[英]Obtaining predictions from an mgcv::gam fit that contains a matrix “by” variable to a smooth
I just discovered that mgcv::s()
permits one to supply a matrix to its by
argument, permitting one to smooth a continuous variable with separate smooths for each of a combination of variables (and their interactions if so desired). 我刚发现
mgcv::s()
允许人们的矩阵提供给它的by
参数,从而允许一个来平滑带独立润滑肌肤连续变量的每个变量(和它们之间的相互作用,如果需要)的组合构成。 However, I'm having trouble getting sensible predictions from such models, for example: 但是,我很难从此类模型中获得明智的预测,例如:
library(mgcv) #for gam
library(ggplot2) #for plotting
#Generate some fake data
set.seed(1) #for replicability of this example
myData = expand.grid(
var1 = c(-1,1)
, var2 = c(-1,1)
, z = -10:10
)
myData$y = rnorm(nrow(myData)) + (myData$z^2 + myData$z*4) * myData$var1 +
(3*myData$z^2 + myData$z) * myData$var2
#note additive effects of var1 and var2
#plot the data
ggplot(
data = myData
, mapping = aes(
x = z
, y = y
, colour = factor(var1)
, linetype = factor(var2)
)
)+
geom_line(
alpha = .5
)
#reformat to matrices
zMat = matrix(rep(myData$z,times=2),ncol=2)

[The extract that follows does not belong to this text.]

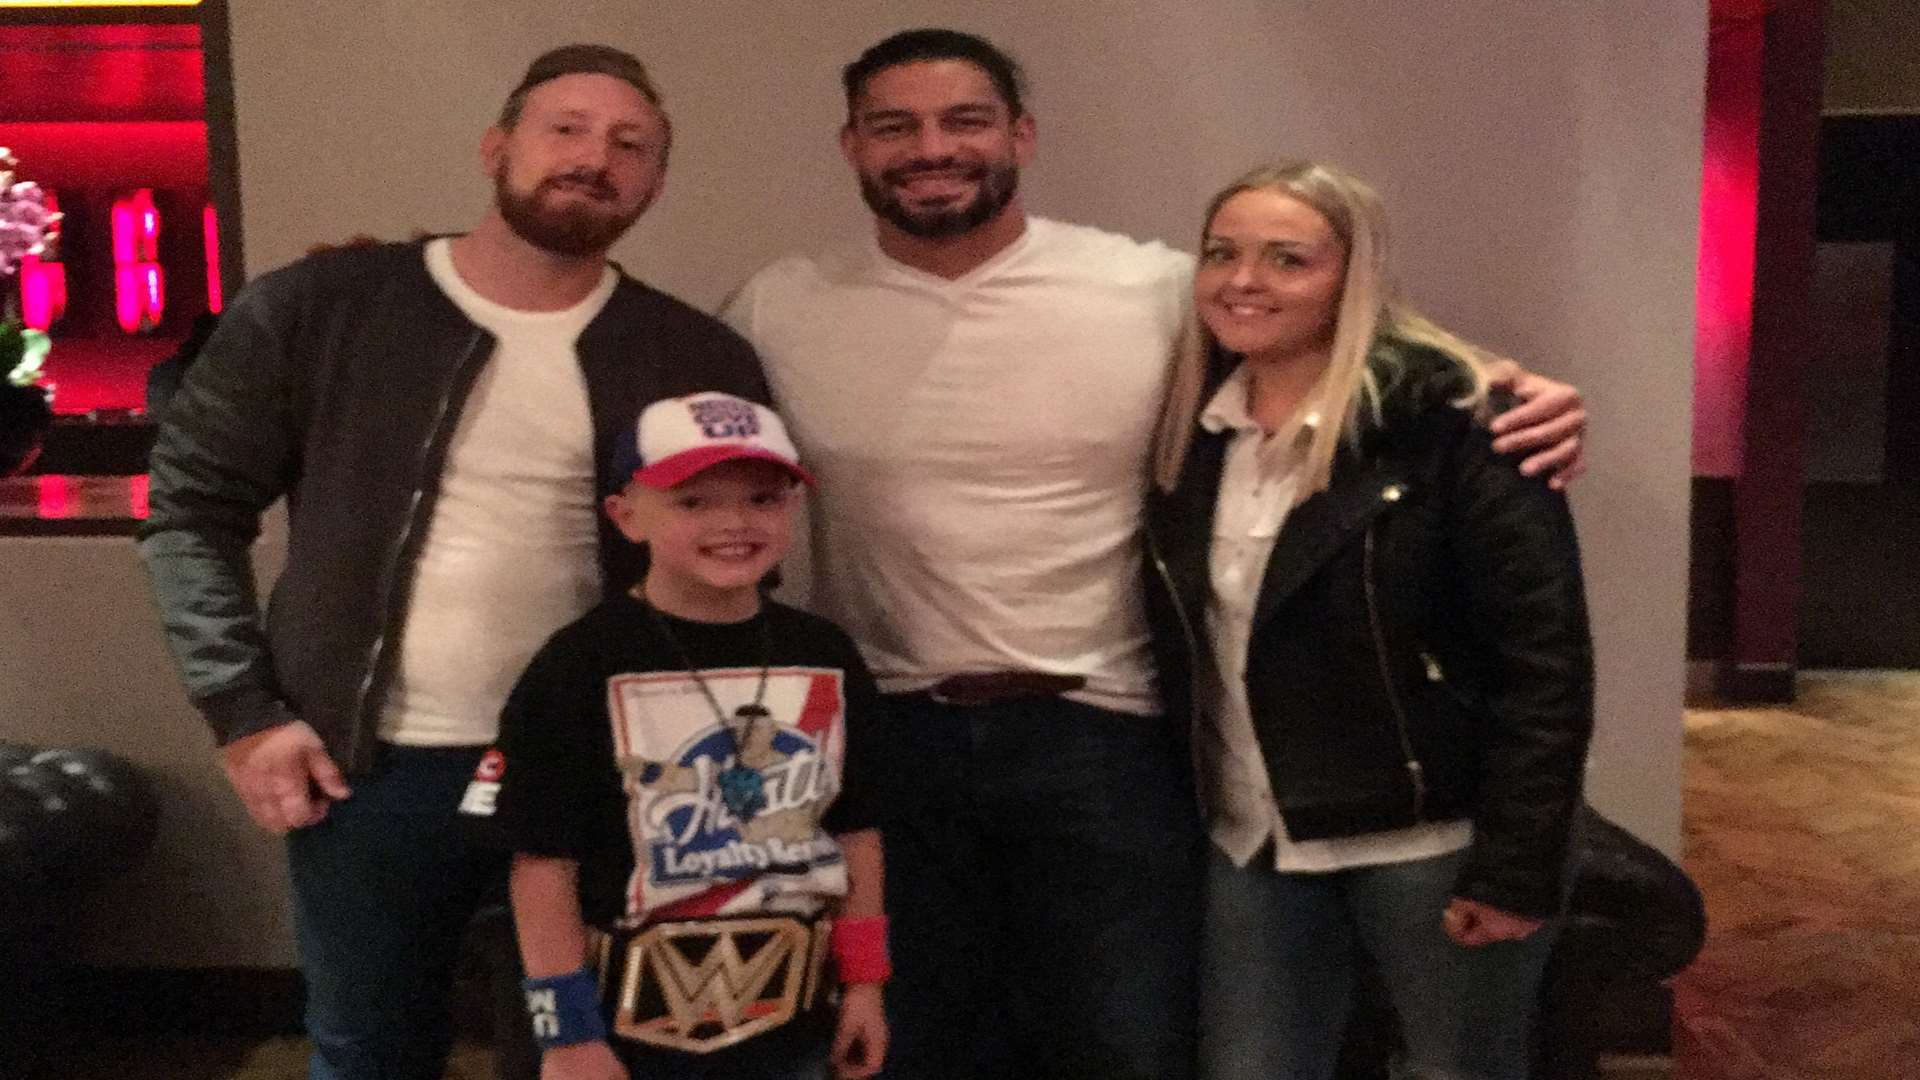 Tommie Farrow and his family got to meet Roman Reigns.

xMat = matrix(c(myData$var1,myData$var2),ncol=2)
#get the fit
fit = gam(
formula = myData$y ~ s(zMat,by=xMat,k=5)
)
#get the predictions and plot them
predicted = myData
predicted$value = predict(fit)
ggplot(
data = predicted
, mapping = aes(
x = z
, y = value
, colour = factor(var1)
, linetype = factor(var2)
)
)+
geom_line(
alpha = .5
)
Yields this plot of the input data: 产生以下输入数据图:
And this obviously awry plot of the predicted values: 这显然是预测值的错误曲线:
Whereas replacing the gam fit above with: 而将上述gam fit替换为:
fit = gam(
formula = y ~ s(z,by=var1,k=5) + s(z,by=var2,k=5)
, data = myData
)
but otherwise running the same code yields this reasonable plot of predicted values: 但是以其他方式运行相同的代码将得出以下合理的预测值图:
What am I doing wrong here? 我在这里做错了什么?
The use of vector-valued inputs to mgcv smooths is taken up here . 采用矢量值输入mgcv润滑肌肤吸收这里 。 It seems to me that you are misunderstanding these model types.
在我看来,您误解了这些模型类型。
Your first formula 您的第一个配方
myData$y ~ s(zMat,by=xMat,k=5)
fits the model 适合模型
y ~ f(z)*x_1 + f(z)*x_2
That is, mgcv estimates a single smooth function f(). 也就是说,mgcv估计单个平滑函数f()。 This function is evaluated at each covariate, with the weightings supplied to the by argument.
该函数在每个协变量中进行评估,权重提供给by参数。
Your second formula 你的第二个公式
y ~ s(z,by=var1,k=5) + s(z,by=var2,k=5)
fits the model 适合模型
y ~ f_1(z)*x_1 +f_2(z)*x_2
where f_1() and f_2() are two different smooth functions. 其中f_1()和f_2()是两个不同的平滑函数。 Your data model is essentially the second formula, so it is not surprising that it gives a more sensible looking fit.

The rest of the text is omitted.